#### [DATA PROVIDED]
--- --- ---

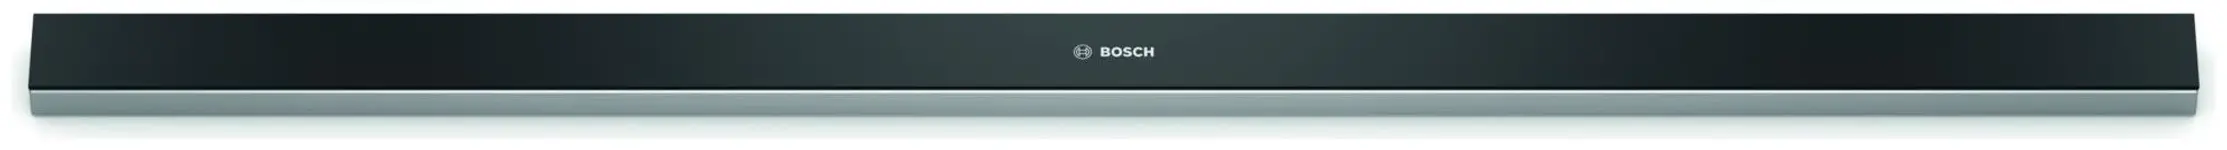 BOSCH-DSZ4986-Afzuigkap accessoires
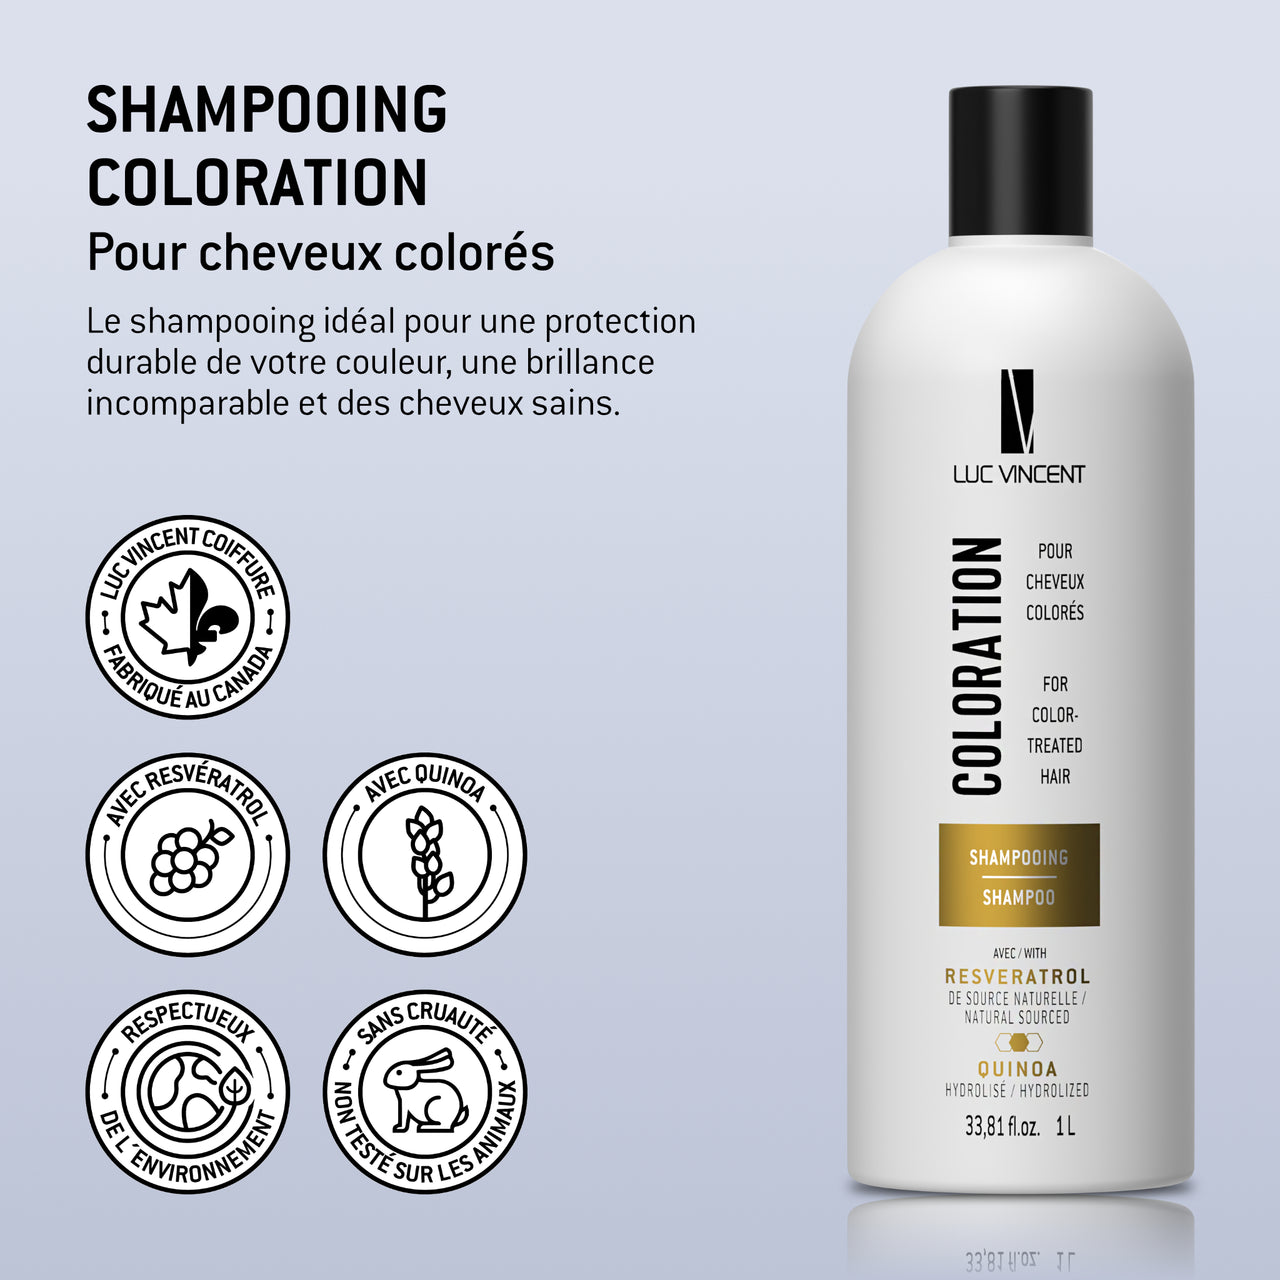 Shampooing coloration - Luc Vincent
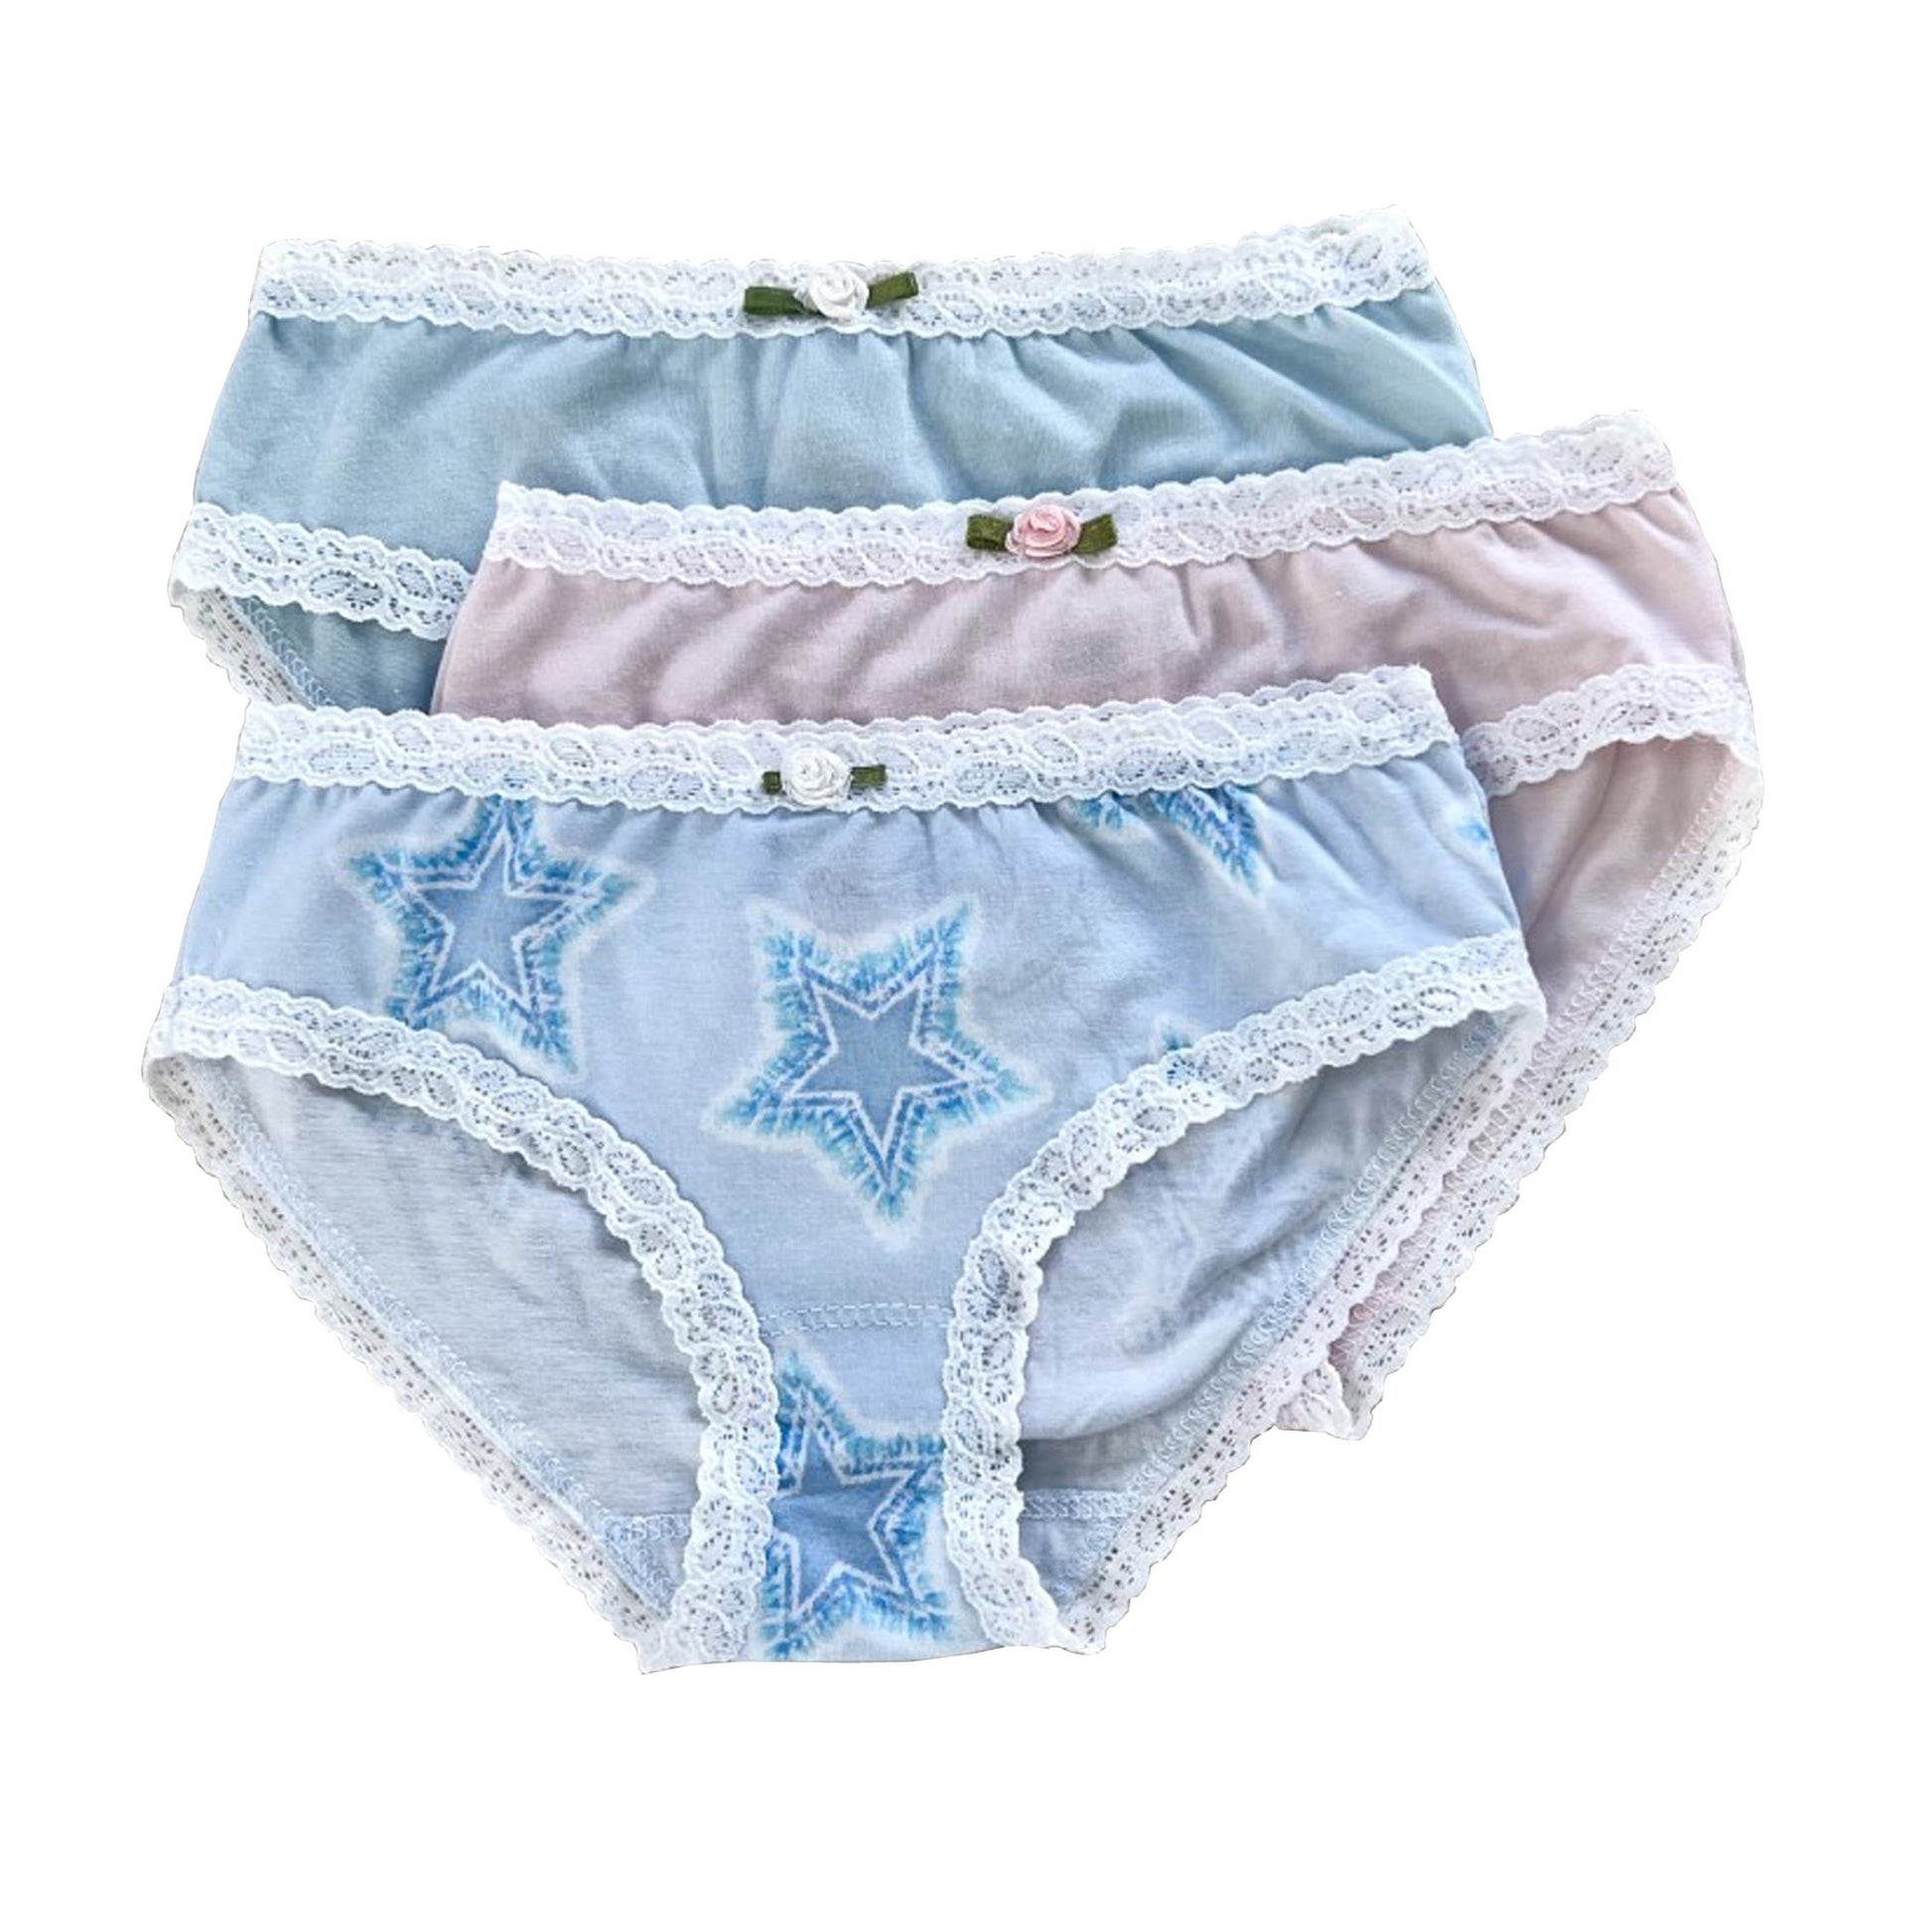 U20 Esme Girls Comfortable Underwear XS S M L XL PT 6 8 10 12 14 panty in  Solid 
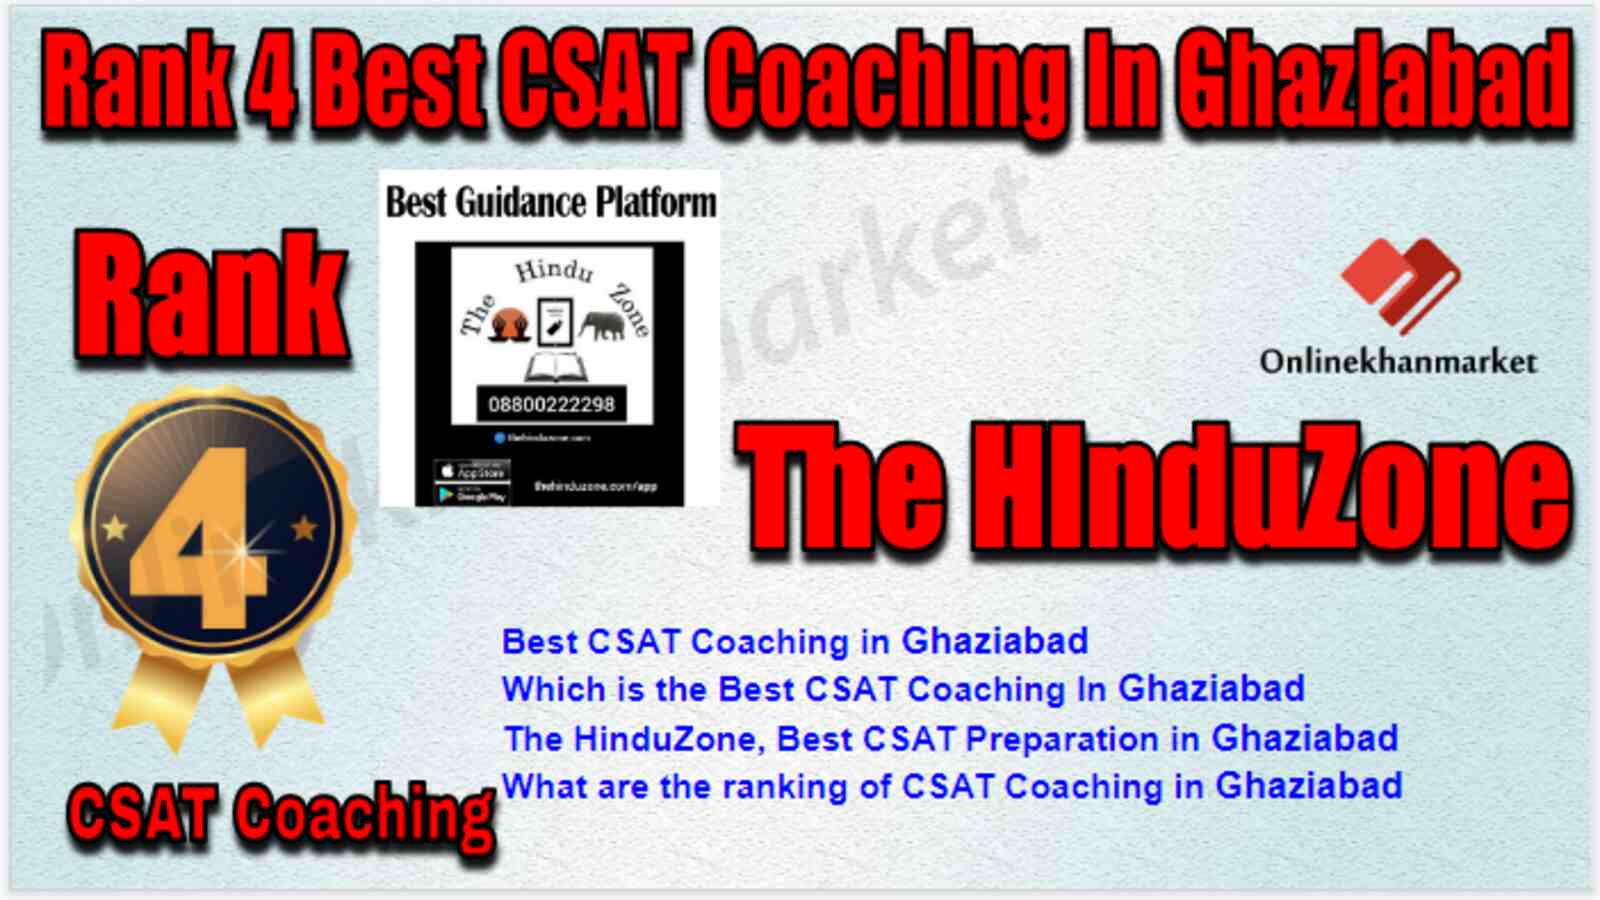 Rank 4 Best CSAT Coaching in Ghaziabad

--- --- ---

#### [TRY IT]
Please transcribe exactly the lines from the one containing "Shampooing coloration - Luc Vincent" through the final line of the data, including both, and nothing else. Pictures are to be left out.

#### [YOUR RESPONSE]
 Shampooing coloration - Luc Vincent
 U20 Esme Girls Comfortable Underwear XS S M L XL PT 6 8 10 12 14 panty in  Solid 
 Rank 4 Best CSAT Coaching in Ghaziabad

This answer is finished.